Agricultural Research Service

Research Project: DEVELOPING BIOCONVERSION PROCESSES FOR HIGH-VALUE CARBOHYDRATE PRODUCTS

Location: Renewable Product Technology Research Unit

Project Number: 3620-41000-130-00
Project Type: Appropriated

Start Date: Jul 24, 2006
End Date: Aug 09, 2010

Objective:
To develop biocatalytic methods for the conversion of crop derived carbohydrates to high value polysaccharides or oligosaccharides. The project will be composed of two major objectives. 1) Develop biocatalytic methods for the conversion of starch, corn coproducts, beet sugar, or cane sugar to value-added oligosaccharides. 2) Develop green chemistry ionic liquid-based methods for the biocatalytic production of value-added oligosaccharides.
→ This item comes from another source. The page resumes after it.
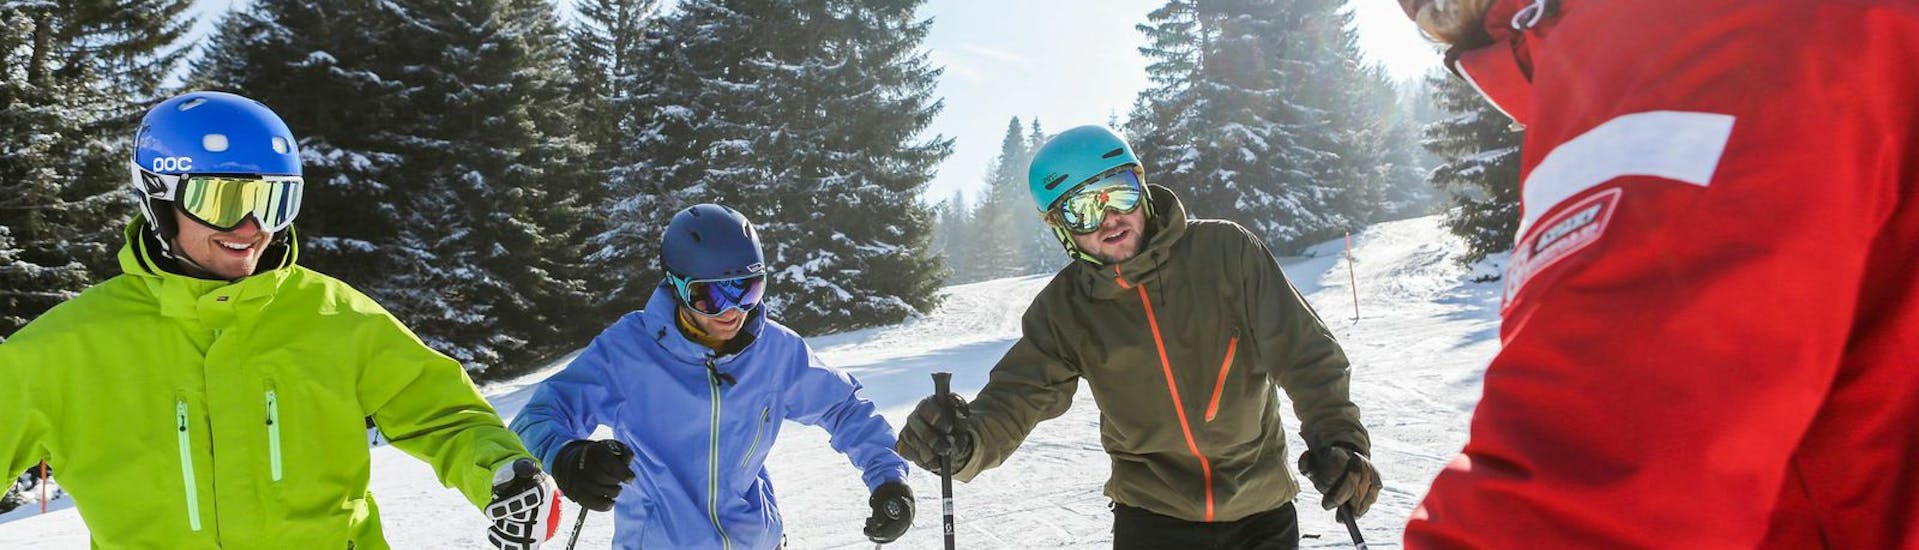 Clases de esquí para adultos a partir de 16 años con experiencia.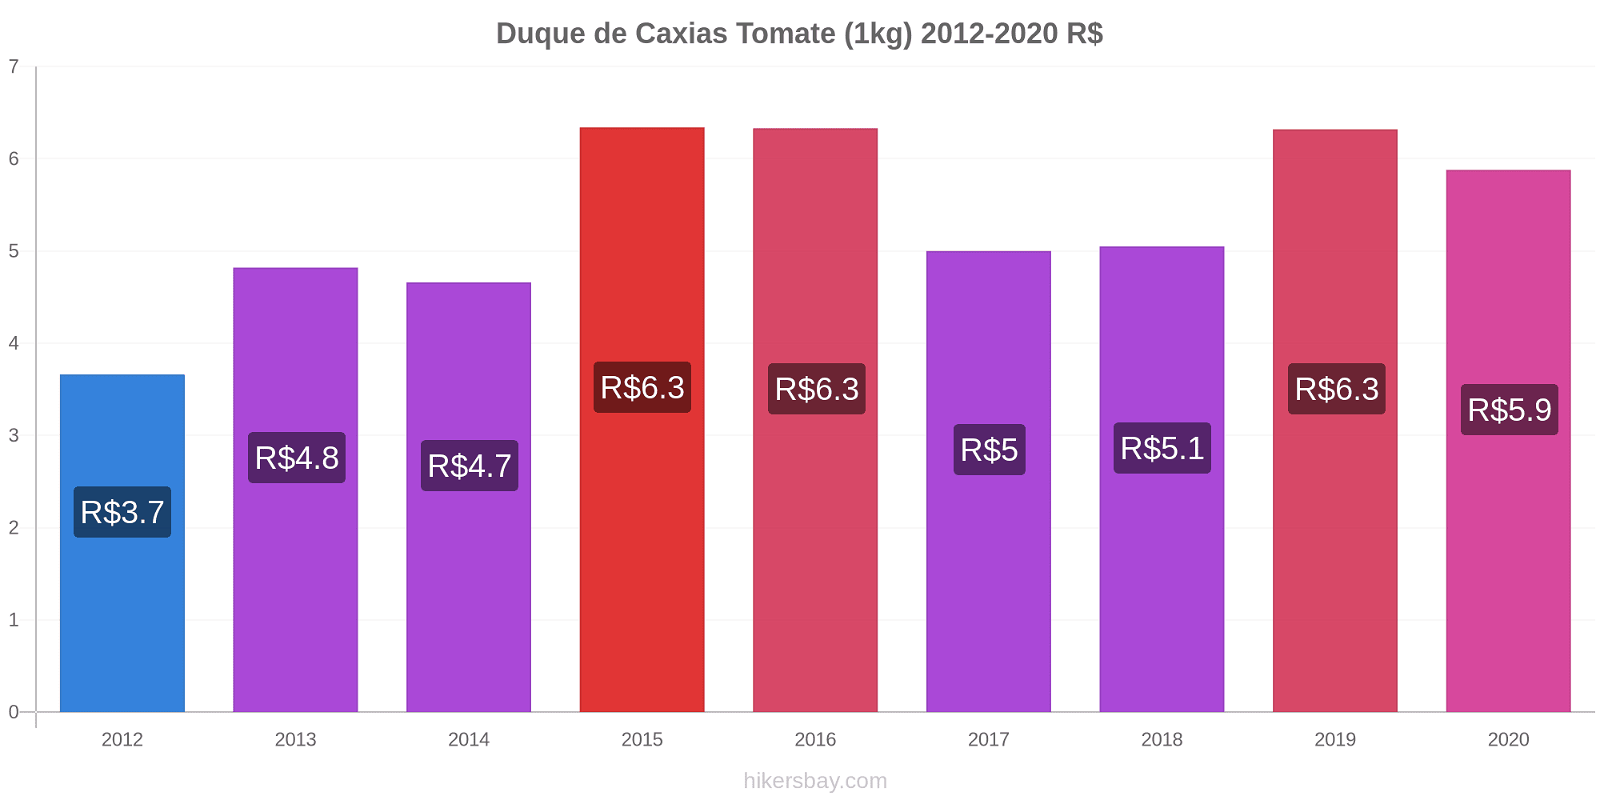 Duque de Caxias changements de prix Tomate (1kg) hikersbay.com

Their common feature is the use of agriculturally derived carbohydrates for the production of high-value products which utilize some of the structural features of the original carbohydrates.

Approach:
Glycansucrases. Our research in this area will focus on the use of alternansucrase to synthesize oligosaccharides via transfer of glucosyl units from sucrose to mono- or oligo-saccharide acceptors. As alternansucrase is better at catalyzing acceptor reactions than commercial dextransucrase, yielding a better variety of mixed-linkage products, we will first focus on this enzyme. The newly synthesized oligosaccharides are expected to support the growth of specific beneficial microbes in the gastrointestinal tract. We will develop these and other products and determine their structures. The role of oligomer structure and size (degree of polymerization) in fermentability and prebiotic activity will be investigated. This is expected to yield not only new, more strain-specific prebiotics, but will also give rise to a better understanding of the mechanism of prebiotic action. Corn coproducts. This research will utilize abundant, low-value agricultural biomass, particularly corn fiber arising as a coproduct of corn wet milling for production of starch, sweeteners, and ethanol. This is attractive as a model corn residue because it accumulates in enormous volumes in milling facilities and does not need to be collected and transported from fields as do corncobs and stover. Research will also utilize DDGS, an abundant low-value coproduct of dry grind fuel ethanol production. Both corn fiber and DDGS are rich in arabinoxylan, a complex polysaccharide with a backbone of B- (1,4) linked xylose and various side chains and other modifications. Combinations of specific enzymes will be used to cut corn fiber xylan at these linkages to produce a collection of novel oligosaccharides. Transglycosylations in ionic liquids. The approach will be to use commercial enzymes in non-aqueous ionic liquids to produce new prebiotic oligosaccharides and cyclic oligosaccharides that are unattainable in water-based systems. Various ionic liquids, enzymes, and conditions will be tested in order to optimize the non-aqueous transglycosylations. Oligosaccharides produced from this part of the project plan will be tested for prebiotic activity in vitro and in vivo. BSL-1 and Risk Group RG1 recertified September 3, 2009.